Where a line holds the word "High", copy that line from the data below.

→ Task input:
# # # # # # #
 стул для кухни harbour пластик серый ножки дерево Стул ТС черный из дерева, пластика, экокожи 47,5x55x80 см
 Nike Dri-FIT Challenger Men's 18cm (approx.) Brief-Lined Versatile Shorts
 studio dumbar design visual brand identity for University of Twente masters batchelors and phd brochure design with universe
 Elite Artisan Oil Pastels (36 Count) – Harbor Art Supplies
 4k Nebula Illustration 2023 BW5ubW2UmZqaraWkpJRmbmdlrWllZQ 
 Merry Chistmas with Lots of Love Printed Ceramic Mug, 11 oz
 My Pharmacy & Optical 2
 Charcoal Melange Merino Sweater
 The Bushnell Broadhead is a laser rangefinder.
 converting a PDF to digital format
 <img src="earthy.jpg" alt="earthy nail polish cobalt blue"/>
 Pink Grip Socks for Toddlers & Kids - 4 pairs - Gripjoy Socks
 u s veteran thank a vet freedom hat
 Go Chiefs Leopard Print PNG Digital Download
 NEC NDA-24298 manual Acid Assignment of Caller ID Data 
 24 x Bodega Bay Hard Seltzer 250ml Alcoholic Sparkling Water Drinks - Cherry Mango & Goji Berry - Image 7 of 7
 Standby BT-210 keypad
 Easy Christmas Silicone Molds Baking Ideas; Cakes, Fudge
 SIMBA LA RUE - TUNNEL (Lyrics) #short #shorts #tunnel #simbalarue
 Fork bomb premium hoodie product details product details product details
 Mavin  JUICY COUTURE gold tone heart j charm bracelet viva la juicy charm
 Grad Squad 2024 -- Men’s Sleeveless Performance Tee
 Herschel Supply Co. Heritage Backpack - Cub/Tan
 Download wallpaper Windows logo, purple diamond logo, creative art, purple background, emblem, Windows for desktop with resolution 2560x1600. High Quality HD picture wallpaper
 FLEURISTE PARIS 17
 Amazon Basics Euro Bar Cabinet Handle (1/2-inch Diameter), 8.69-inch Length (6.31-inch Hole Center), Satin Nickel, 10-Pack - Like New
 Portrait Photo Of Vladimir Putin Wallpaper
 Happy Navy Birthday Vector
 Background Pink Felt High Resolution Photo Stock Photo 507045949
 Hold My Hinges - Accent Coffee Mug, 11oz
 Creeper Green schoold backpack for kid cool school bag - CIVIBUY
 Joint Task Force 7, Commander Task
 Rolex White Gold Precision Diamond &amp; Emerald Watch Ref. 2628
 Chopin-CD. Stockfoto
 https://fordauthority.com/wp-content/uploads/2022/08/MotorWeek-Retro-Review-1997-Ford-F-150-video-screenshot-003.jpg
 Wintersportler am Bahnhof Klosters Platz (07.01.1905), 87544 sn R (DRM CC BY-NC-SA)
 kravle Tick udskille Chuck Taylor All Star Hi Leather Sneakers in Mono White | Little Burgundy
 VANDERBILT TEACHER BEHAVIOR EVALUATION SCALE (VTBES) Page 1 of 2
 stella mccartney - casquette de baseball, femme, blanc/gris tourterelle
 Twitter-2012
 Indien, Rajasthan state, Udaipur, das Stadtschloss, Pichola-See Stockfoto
# # # # # # #
→ Solution to this problem:
 Download wallpaper Windows logo, purple diamond logo, creative art, purple background, emblem, Windows for desktop with resolution 2560x1600. High Quality HD picture wallpaper
 Background Pink Felt High Resolution Photo Stock Photo 507045949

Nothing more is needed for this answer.